Escape from these Regions of Wickedness

Moses Roper escaped from slavery in Georgia to New York where ‘I thought I was free; but learned I was not: and could be taken there.’1 In November 1835 he sailed to Liverpool, with letters of introduction to sympathizers in London. He spent six months ‘going through the rudiments of an English education’ in Hackney, London and then went ‘to another boarding-school at Wallingford’ in Oxfordshire. He started at University College London but ill-health prevented further education. He lectured all around Britain, and his Narrative of the Adventures and Escape of Moses Roper from American Slavery was published in 1837: it provides these details. He wrote ‘he has hitherto been supported by a few ministers and gentlemen; his object in visiting some of the principal towns now, is to sell a sufficient number of his books to educate himself; which will enable him fully to carry out the object he contemplates, that of being qualified to labor amongst the children of Africa. And he hopes that he may in time be a humble instrument in liberating his mother, brothers and sisters from slavery.’

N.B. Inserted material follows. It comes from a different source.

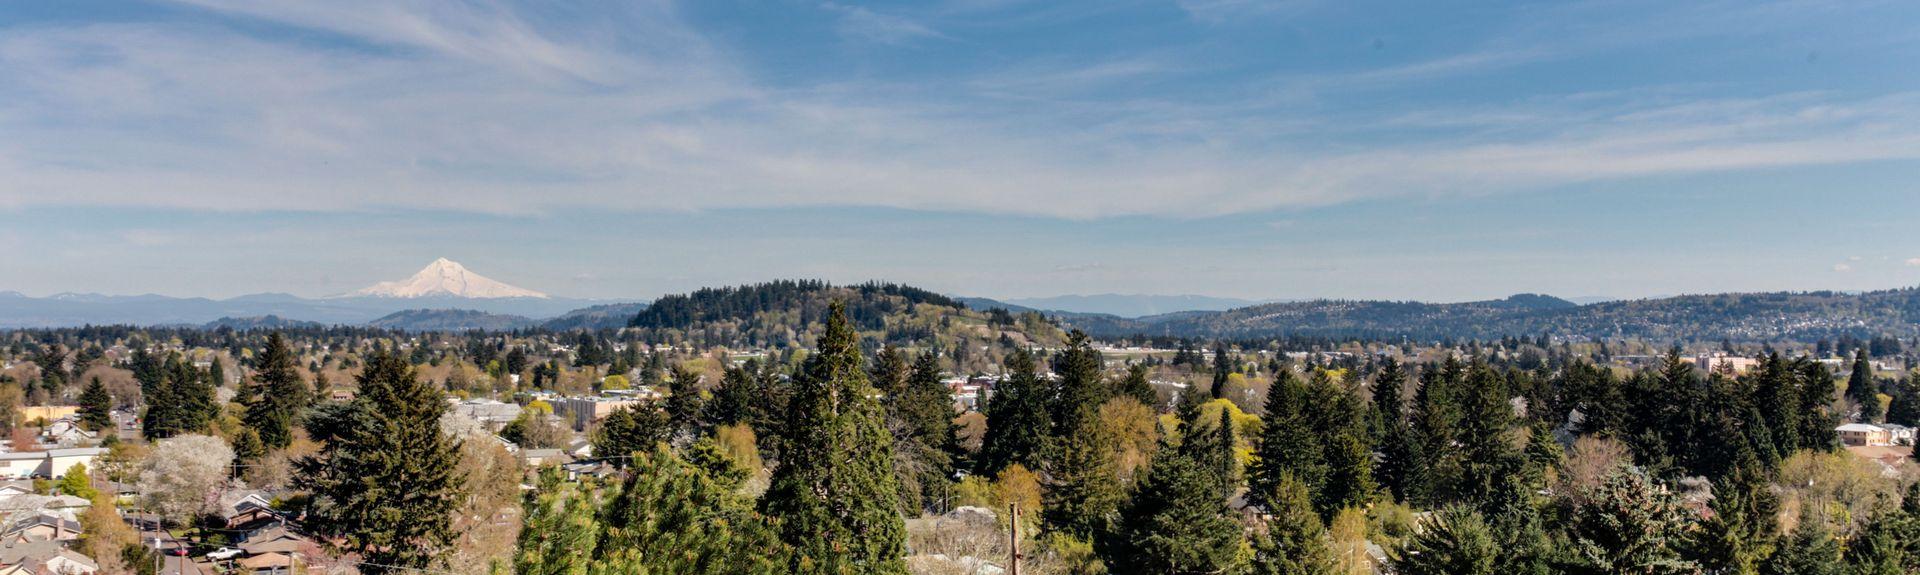 Montavilla, Portland, Oregon, États-Unis d'Amérique

In December 1839 he married Ann Stephen Price in Bristol. His narrative had five English editions by 1843 and was published in Welsh in 1841, and another was printed in Berwick on Tweed in 1848, which stated sales had been 36,000. Several pages list locations (almost all Nonconformist) in Wales, Scotland and England where he spoke, and they include Oswaldtwistle (Lancashire), Leominster (Herts), Yeovil (Somerset), Axminster, Dorking and Towcester. Roper had told his tale widely. After twelve years the public appearances of this ‘nearly white’ escaped slave still drew crowds. His Narrative had helped finance his education.2 Roper was a dramatic speaker, showing his audiences ‘several instruments of torture’. His height (he was 6ft 5in – over 2 metres) added to his appeal.

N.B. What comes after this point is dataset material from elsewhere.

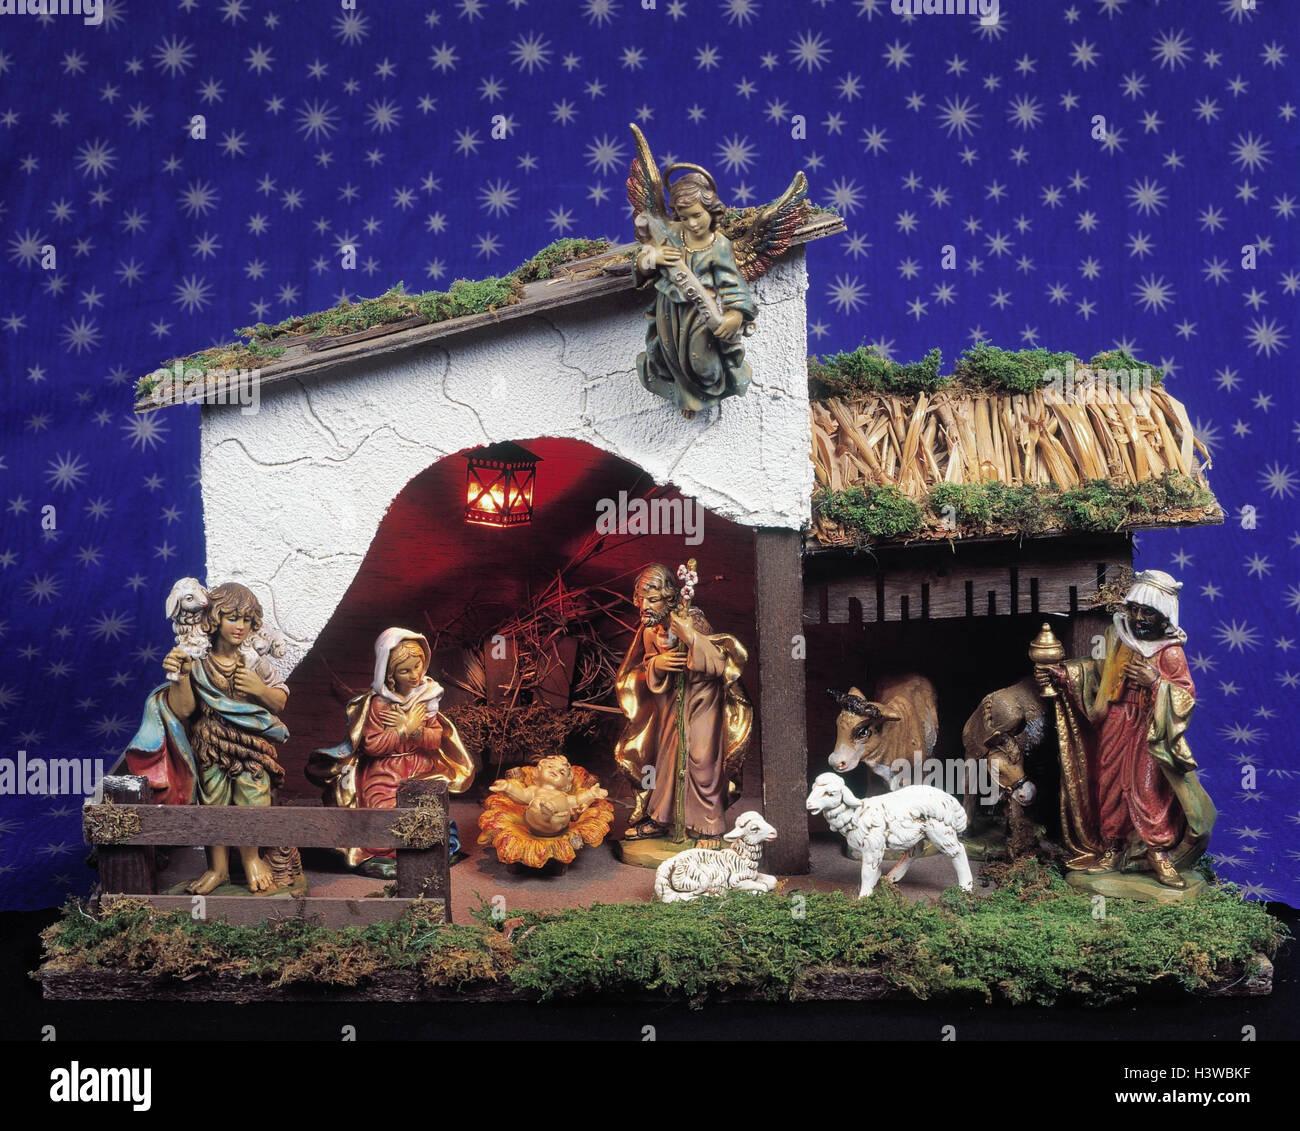 Bilder Krippe Weihnachten.Kinderkrippe Krippe Weihnachten Stabile Bethlehem Heilige

Scrutiny of the places named reveals many were villages, even hamlets, with fewer than 1,000 inhabitants and less than 200 houses. Although Britain’s rail network was substantial and expanding, the modern mind is struck by the isolation of some venues. Croyde in North Devon is on the coast, 10 miles (16km) from Barnstaple, and both Mursley in Buckinghamshire and Bluntisham in Huntingdon are hamlets, as was Loscoe in Derbyshire although Roper could have walked there from the nearest rail station. Steventon in Bedfordshire is better known as Stevington, and was 5 miles (8km) from the centre of Bedford. The Imperial Gazetteer of the 1870s indicates that it had 148 houses with 606 residents. One of his lectures was in Barton-le-Clay near Luton on 17 August 1860.3
Where did he stay, who came to hear him, who purchased his Narrative ? His appearance at the Bible Christian chapel in Wroxall on the Isle of Wight was in a village with no church. His list indicates he also spoke at town halls and in school rooms of the Church of England, and some locations suggest a planned tour. Perhaps pamphlets announcing his programme will be traced in libraries and at ephemera fairs.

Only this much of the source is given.